Intelligent dealers have their own ways around this, pre-registration, offsetting costs against tax, running them as demonstrators, buying the base vehicles at far lower prices than private individuals can negotiate, personal contract finance schemes etc.
Current thinking is explained here. Basically the motorhome manufacturers don't/can't/won't type approve their vehicles for emissions once they have converted them, so the default is, in the absence of any other information, to put them into the highest bracket when first registered, with the punitive gas-guzzler tax..
In subsequent years if registered as a motorcaravan then it's currently back to £260/year.
There can be no doubt that a heavily laden converted van will emit far more than the base vehicle such as an empty panel van. If I believed their figures the Euro 6 base version of my 5.99 metre Ducato running at 3.3 tonnes, should be doing 44.8 mpg and emitting 166 g/km CO2.
Since it's actually Euro 4 (more efficient probably but more particulates and NOx), and in real world use I'm lucky to do better than 30 mpg, which simple arithmetic says it's probably actually emitting at least 250 g/km. Which would put it in a very high tax bracket.

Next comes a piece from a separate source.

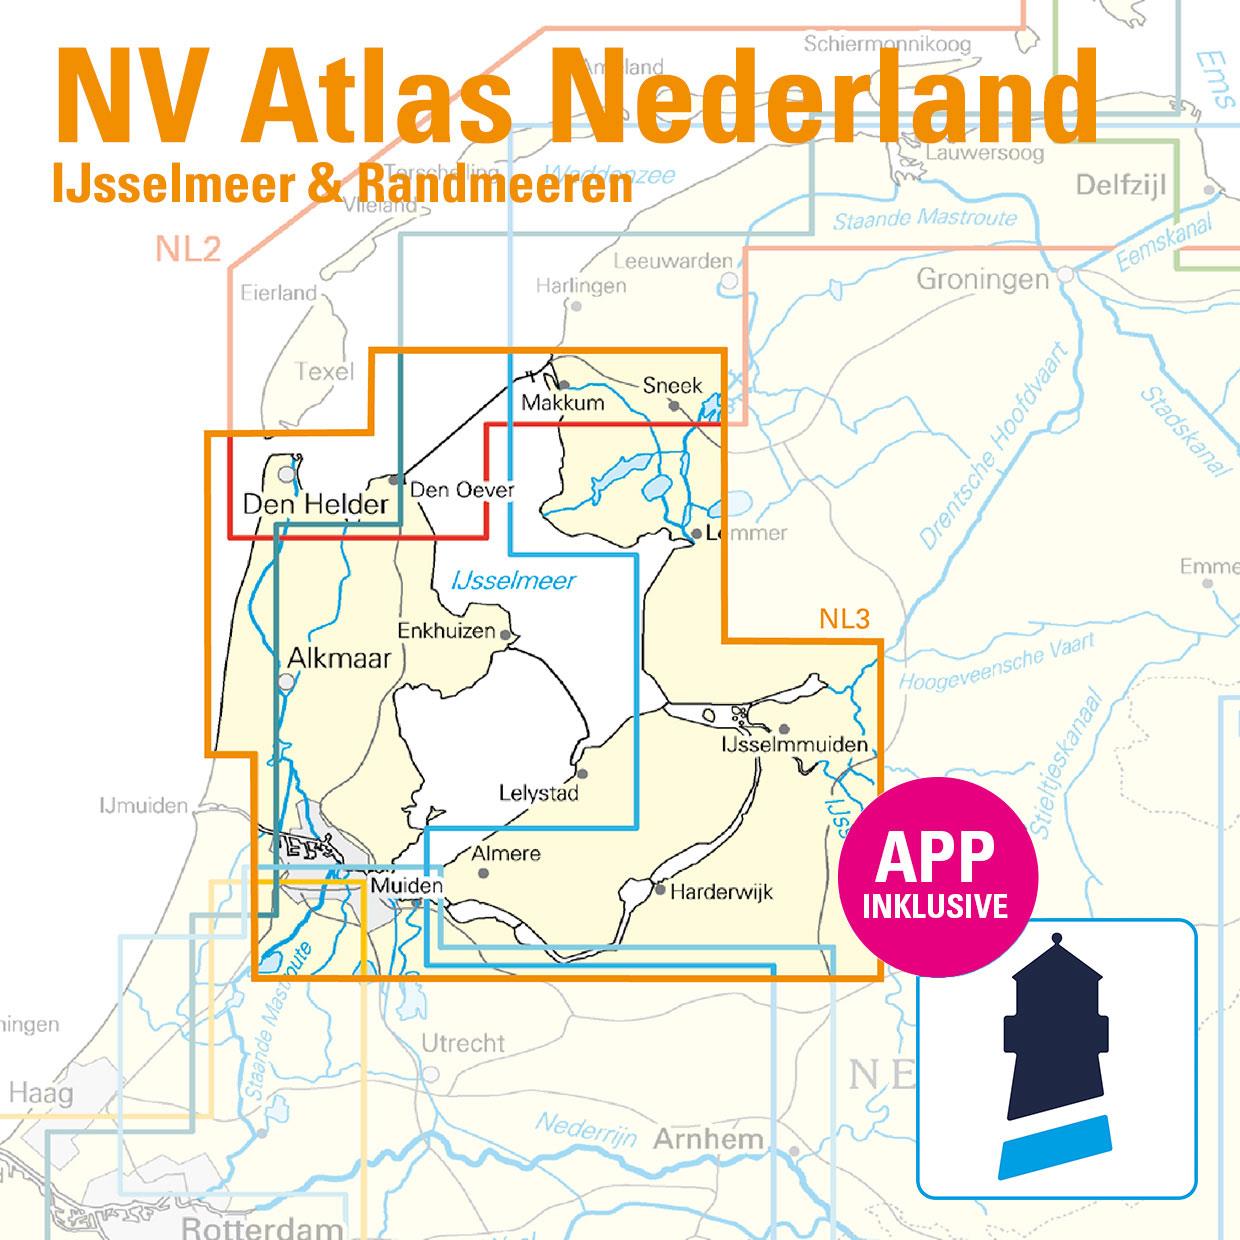 NV Charts Nederland NL3 - IJsselmeer, Markermeer en Randmeeren

More precisely there are 722 g of carbon in a litre of diesel. If all that gets burned to CO2, that's an additional 1920 grams of oxygen added, totalling 2640 grams of CO2 per litre burned.
Hence my 30 mpg vehicle is in the real world, on a good day, emitting 251 g of CO2 per
litre (correction, km) The same as my quick and dirty estimate. And that's just a 3.3tonne panel van, not a big boxy coachbuilt job perhaps running well over plated weight, with lots of extra stuff inside, even if the manufacturers had been honest about the realistic payload in the first place.
So you can see why MotorCaravan manufacturers don't want to acknowledge that driving big heavy things around emits lots of CO2 and have it there on the V5 and don't want to type approve them
If they were subject to the same rules as cars, which they would be if properly tested, it might be even worse, anything costing more than £40,000 list price has to also pay an additional £325 per year for five more years.
So that could be £2135 first year. Plus 5x £325. Plus 5x £145 over the first six years which I reckon is £6620 or £1103/year averaged over that period.
See
https://www.gov.uk/vehicle-tax-rate-tables
If initially registered as a light commercial vehicle up to 3500 kg before and after conversion, the first year tax is probably much lower based on the manufacturers figures for the base van. Thence only £140/year.
Re-register it as a Motor Caravan after the conversion of a second hand, maybe just a "pre-registered" base vehicle and you might avoid much of this, I wouldn't know.
Just keep it registered as a van and save another £120/year, but then it wouldn't be a MotorCaravan.
That's how I understand it.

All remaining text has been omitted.